I don't buy 4.1. I believe the laws of the universe should be simple, but simplicity of specifying the initial state is not an argument for me (unless there are additional factors). Don't buy 4.2 either, because I don't trust anthropic reasoning that much. However, I'm still interested in ideas like this, even if I don't believe in them.

4.3. I don't know enough math, but I don't believe that a) we have the math to prove that an agent can't survive in an environment with incompressible low-level dynamics or b) it means anything non-trivial enough to prove the kind of points you need to prove. It would be a magically good result.

In a chaotic environment there could be some high-level patterns which the agent might exploit, but those high-level patterns could be barely similar to humanlike abstractions. The Gooder Regulator theorem could be false, maybe, if we don't need to be prepared for "any possible game".

In other words: we have a probability distribution over sequences of transformations of the data we should attempt to try, and we keep sampling from it until we spot a familiar abstraction; until we find a way of looking at the data under which it resolves into a known, simple pattern.

Maybe you're focused on the wrong thing. Maybe the explicit search for the right transformation happens only when things go wrong (and even then a lot of the search is not explicit).

You could have a multi-step detection method which deduces the right transformation instead of searching for it explicitly. Contrast two algorithms:

I slide and scale the dog template across an image until I find a good fit.
I detect the most salient parts of the image, combine those parts into lines, connect the lines, check if the lines have the right proportions. If they do, it's a dog. If they don't, it's unlikely there are any dogs in the image.

But if it's not an abstraction over the cells, then over... what? There aren't really any other elements in the picture! Maybe it's an abstraction over sets of cells, with cells being "subvariables" over which the glider is synergistic? But how exactly do we define those sets?

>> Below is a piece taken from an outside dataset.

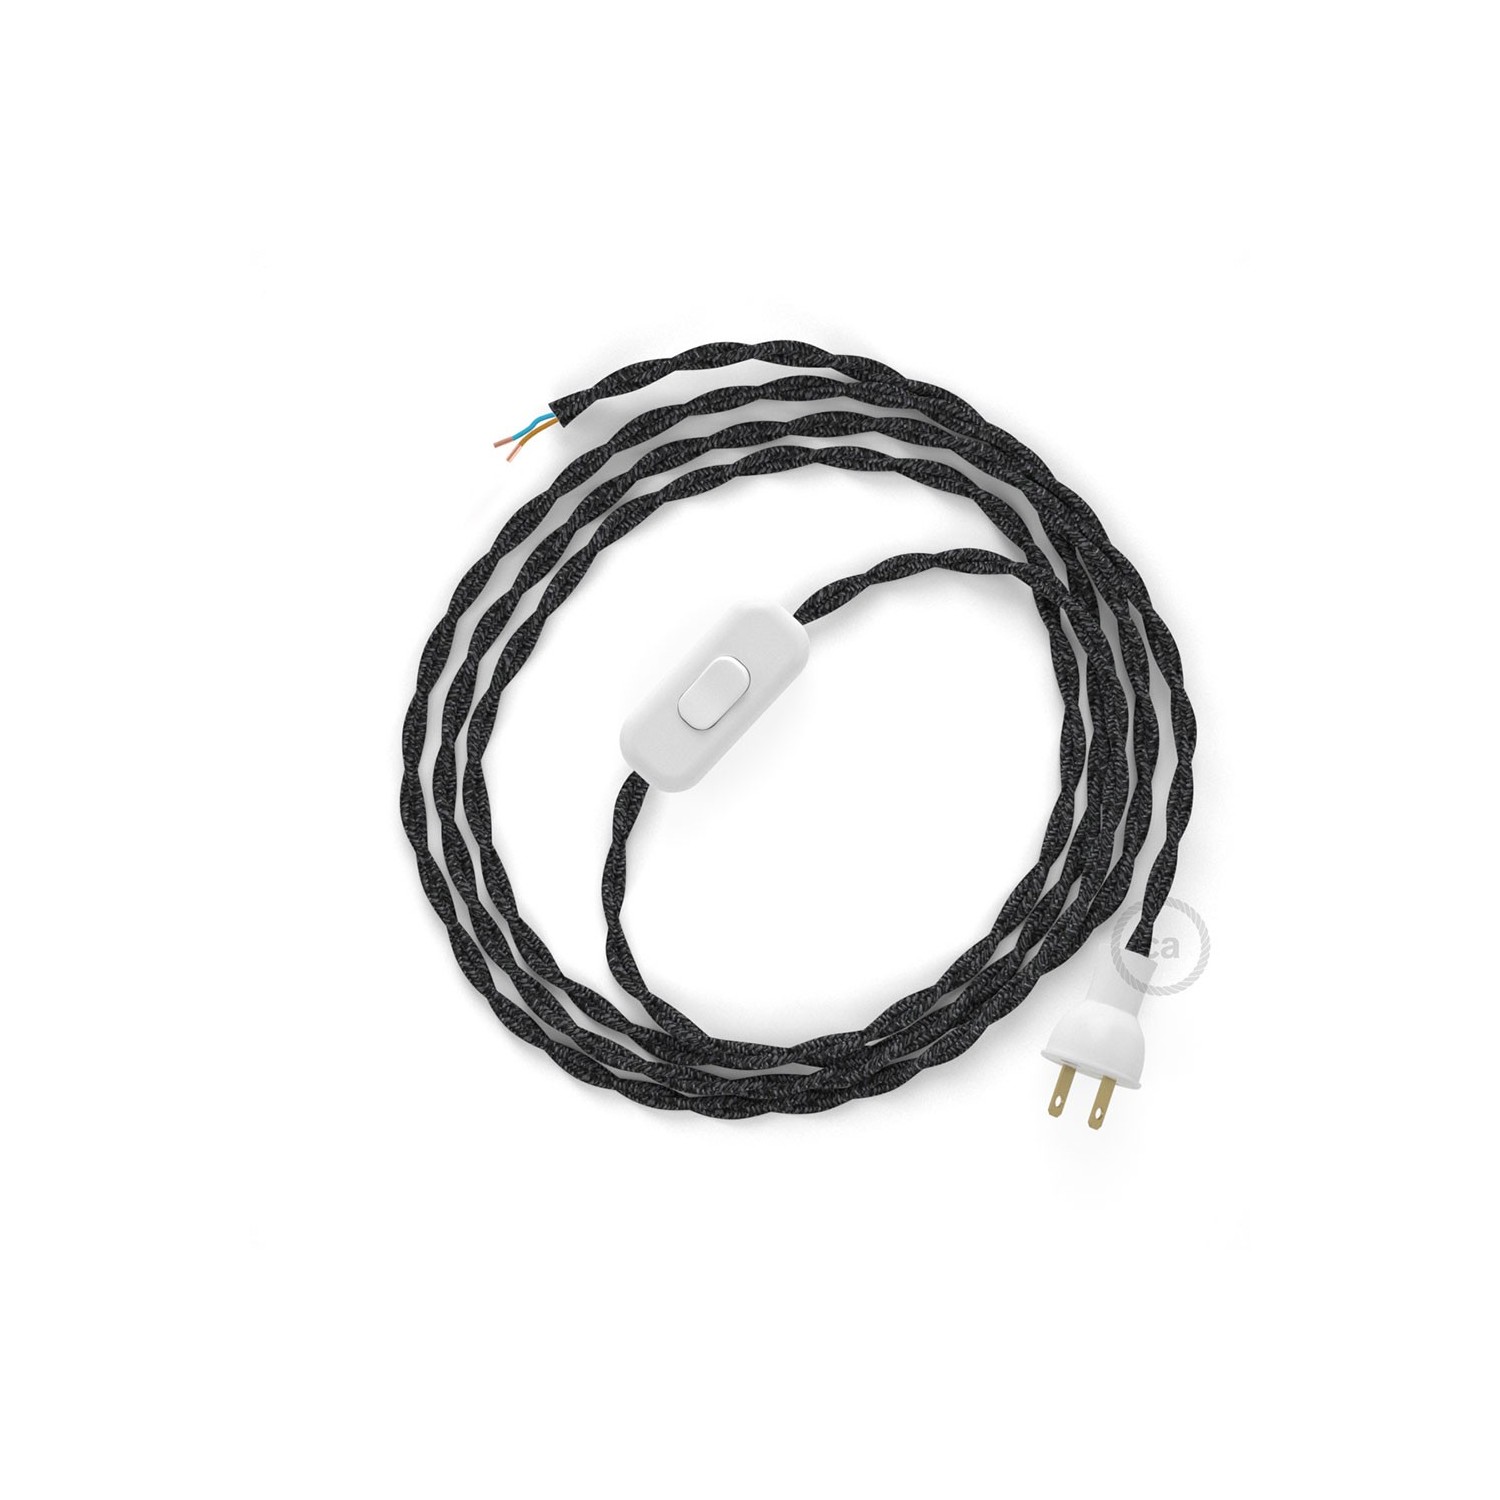 Cableado para lámpara de mesa, cable TN03 Lino Natural Antracita 1,8 m. Elige el color de la clavija y del interruptor!

I think you should filter out sets which are naturally "salient" and then do something with them. For example, imagine I have a single glider in an empty world. I model the world for 1000 timesteps. I pick the set of cells which changed values during this time (that would be an extremely natural thing to do). This way I find at least the "trail" of the glider. By doing other natural things I can narrow it down farther or make it work in a world with many objects.

...

All of the above shouldn't be groundbreaking, I'm just surprised you didn't mention it at all and focused your examples on explicit search. Maybe you're unsure if the trick with naturally salient subsets generalizes?

Writing a relatively high-effort comment because I'm thinking about similar things and intend to turn what I wrote about here into a top-level post.

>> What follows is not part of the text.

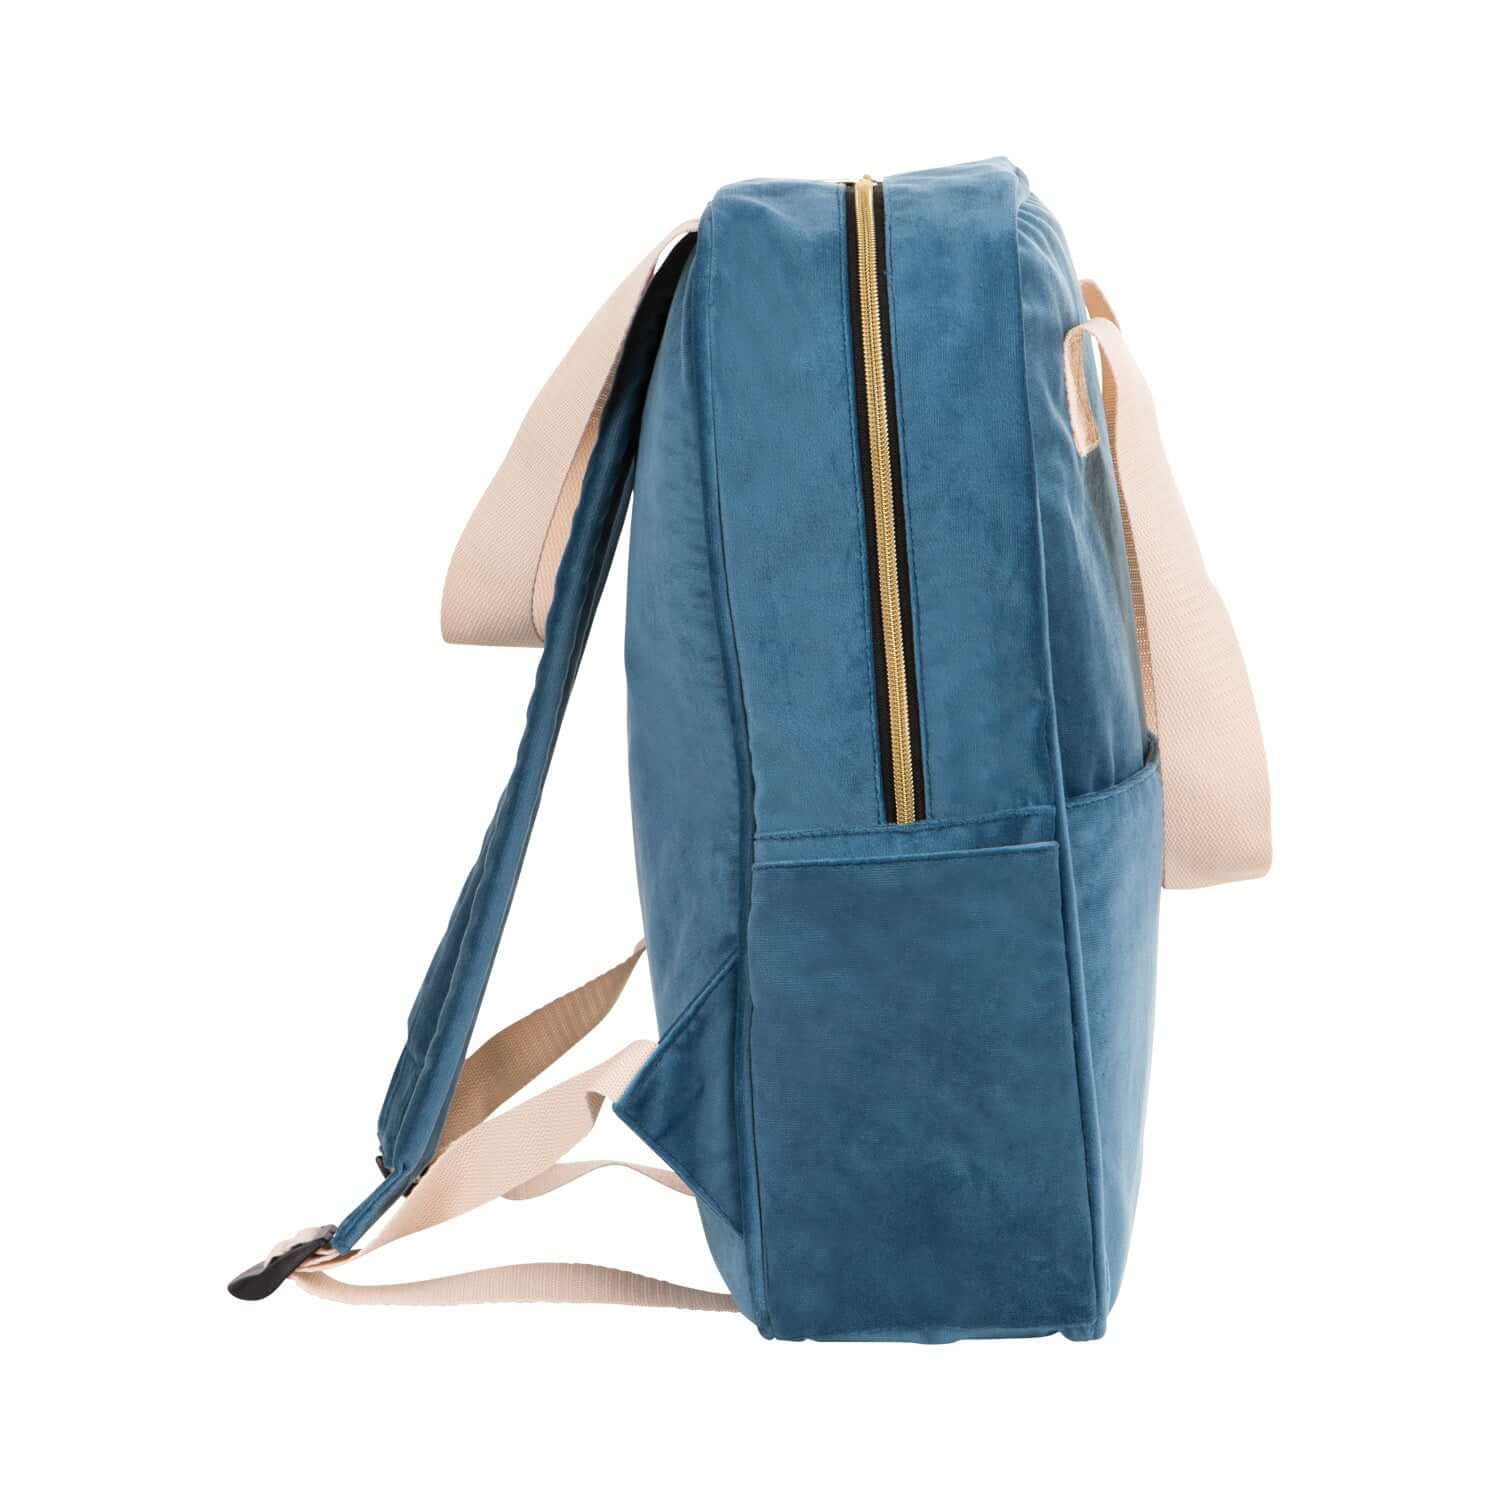 best backpack for college. velvet backpack by bettys home. school backpack for girls.

First I'll write some criticism, then mention some "leads" you might be interested in. For context, I started writing this comment before this exchange.

Criticism/Confusion

The High-Level Outline confused me. Feels like the argument you're making is a bit tricky, yet you don't spell it out explicitly enough. I'm not sure what assumptions are made.

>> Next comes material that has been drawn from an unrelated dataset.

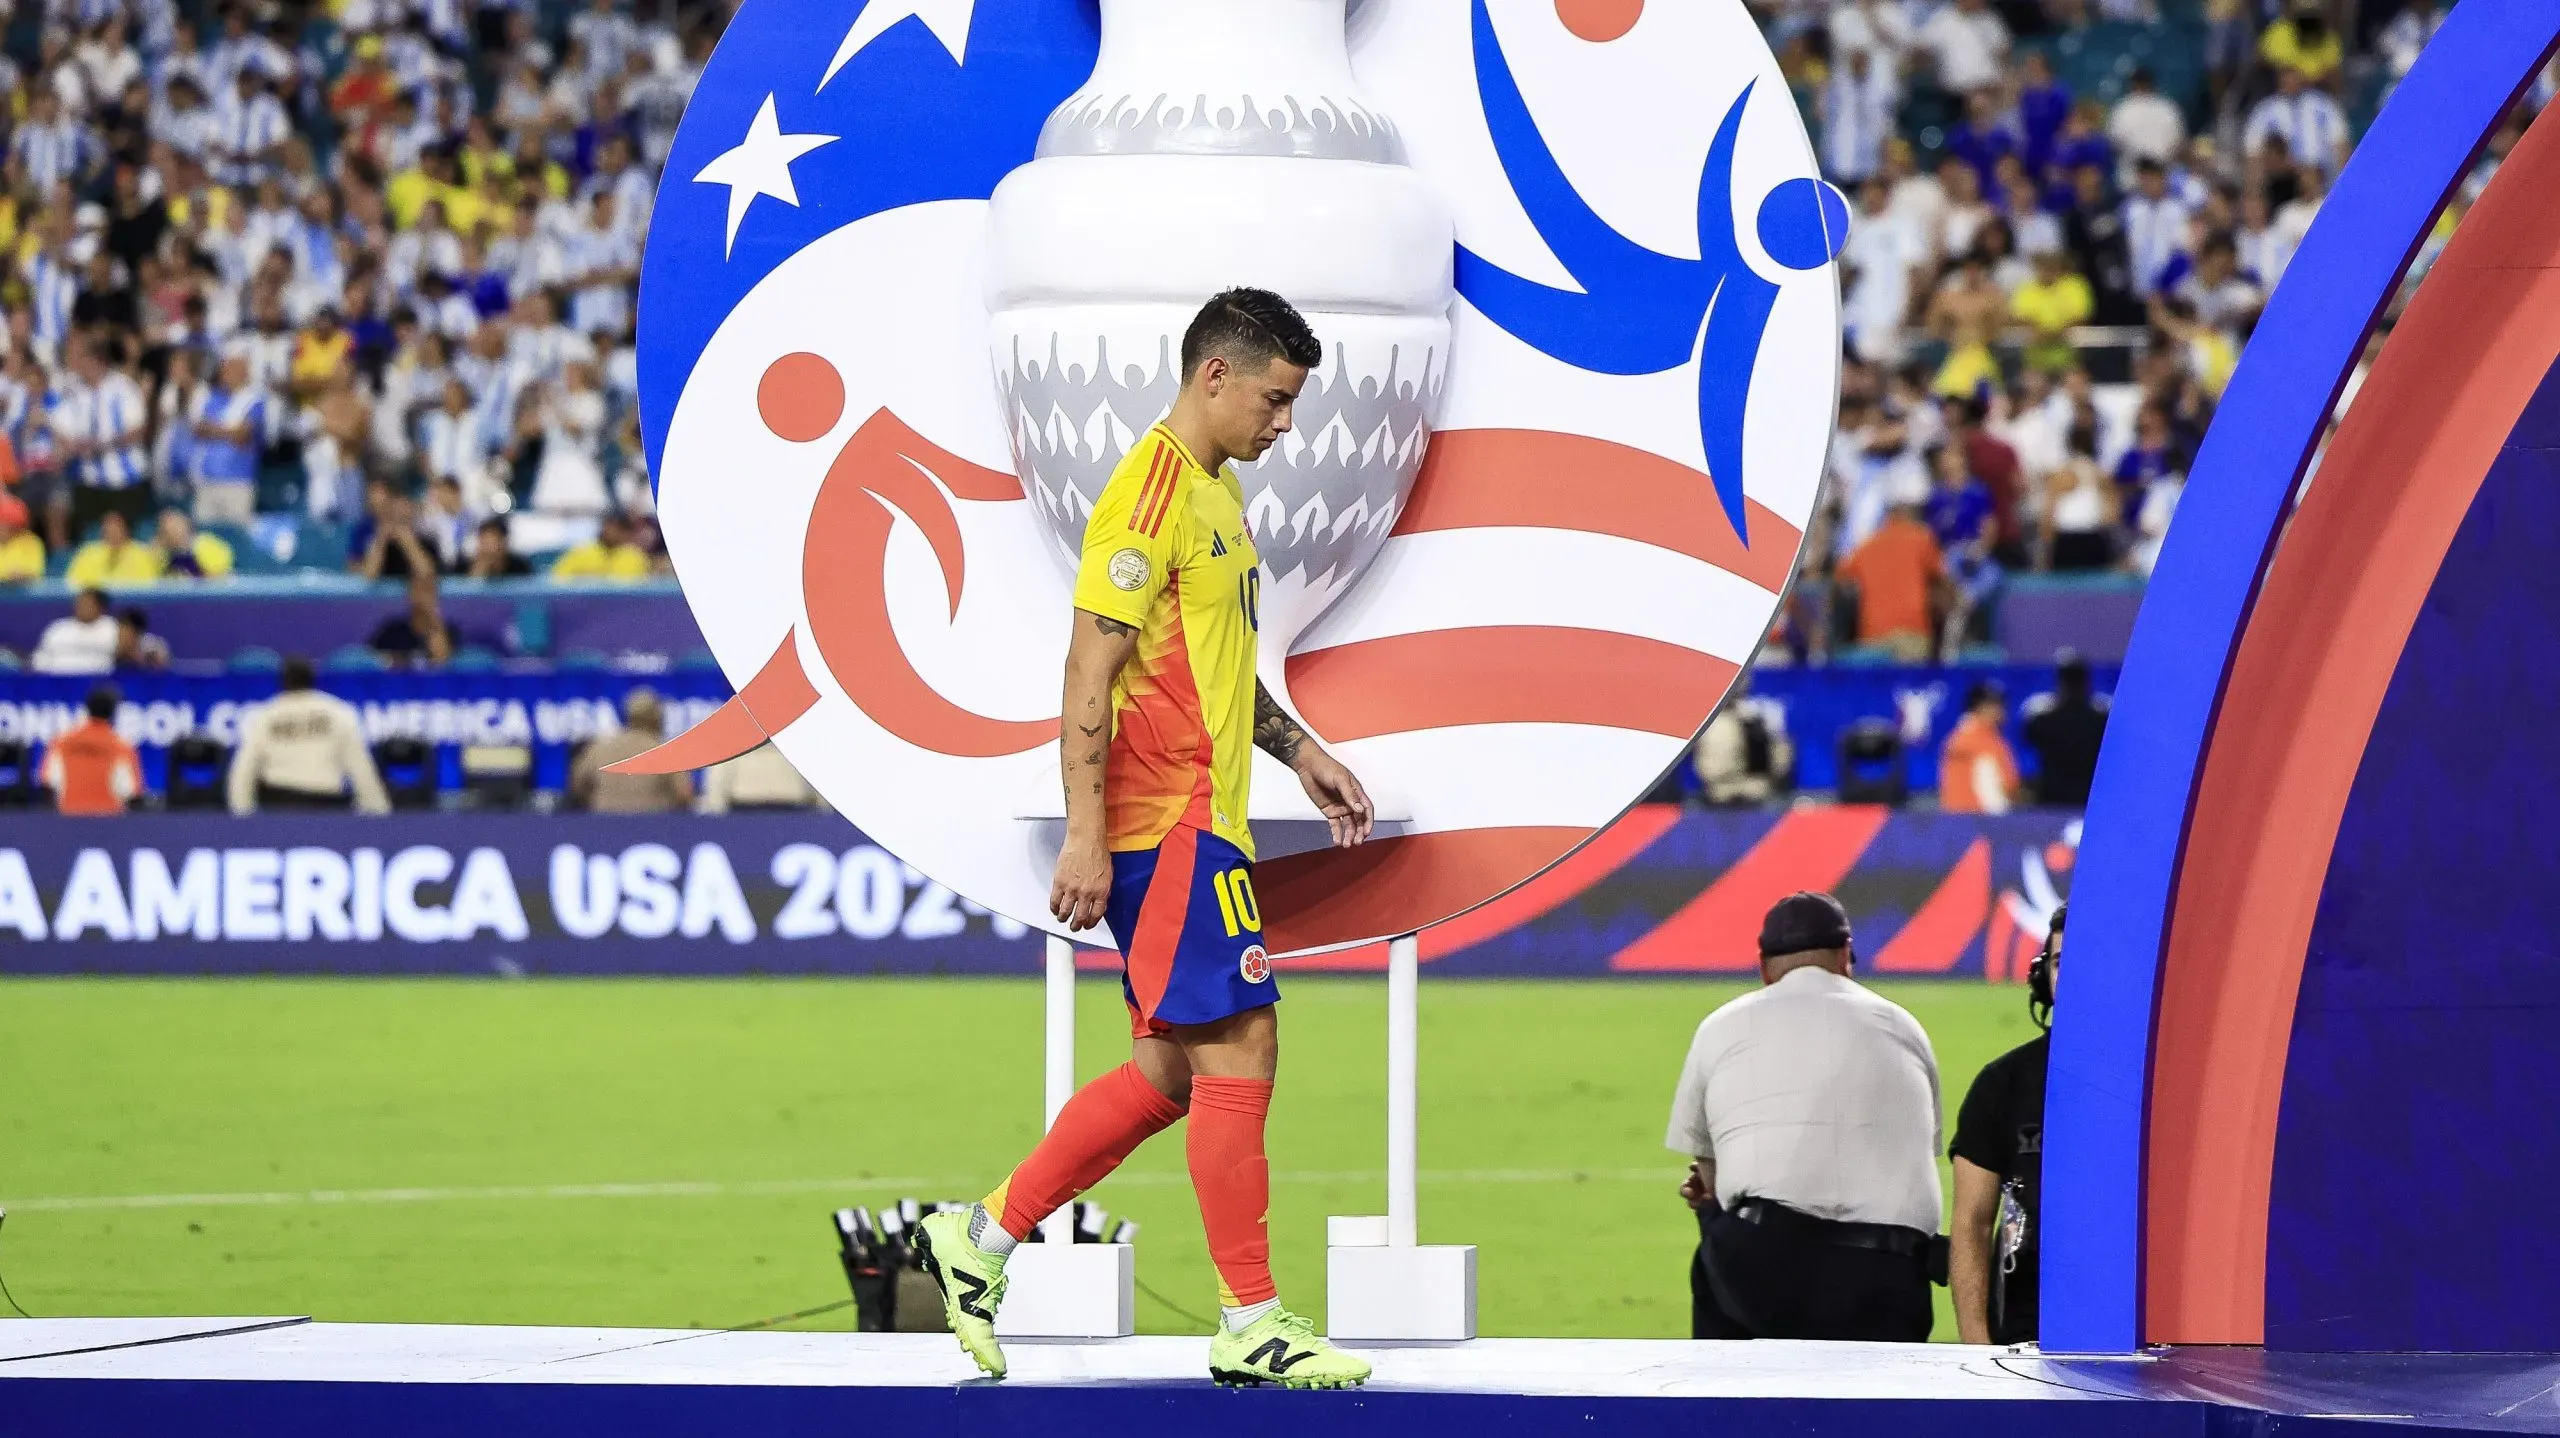 James mientras va a recibir el galardón de MVP de Copa América. (Photo by Buda Mendes/Getty Images)

Here's my train of thought:

The universe has some structure (S) which makes human abstractions useful. But human abstractions != S, so human abstractions can still be hard to specify. You seem to be 100% aware of that.
...But then you connect human abstractions to the shortest description of the universe. Which doesn't follow. ...Or maybe you merely say that any short description of the universe is isomorphic to S, therefore human abstractions should be useful for understanding it. ...You also introduce some amount of tautology here, by defining complexity in terms of (a subset of) human abstractions.
My best interpretation is that you're making the argument that we can abstract the way in which human abstractions are interpretable (human abstractions are interpretable by being "symbolic" / "chunky") and then search for any symbolic/chunky abstractions. You assume that the best ways to compress S gonna be symbolic/chunky. Or that we can enforce looking for symbolic/chunky representations of S. ...But then the section about ontology shifts doesn't make sense. Why are there multiple kinds of symbolicness/chunkiness?
There might be a general disagreement or misunderstanding. I would classify programs into 3 types: big and chaotic (A), small and chaotic (B), not chaotic (C). For example, neural networks are big & chaotic and Busy Beavers or pseudorandom number generators or stuff like Van Eck's sequence are small & chaotic. The existence of B-type programs is the biggest problem in capturing the intuitive notion of "complexity" (description length doesn't cut it = some short programs behave very weirdly). If the universe can be compressed by a B-type program, then the compression won't be "chunky" or truly "symbolic". So the core difficulty of formalizing chunkiness/symbolicness is excluding B-type programs. You mention this concern, but dismiss it as not a big deal.

...

What are the most substantial differences between your agenda and NAH?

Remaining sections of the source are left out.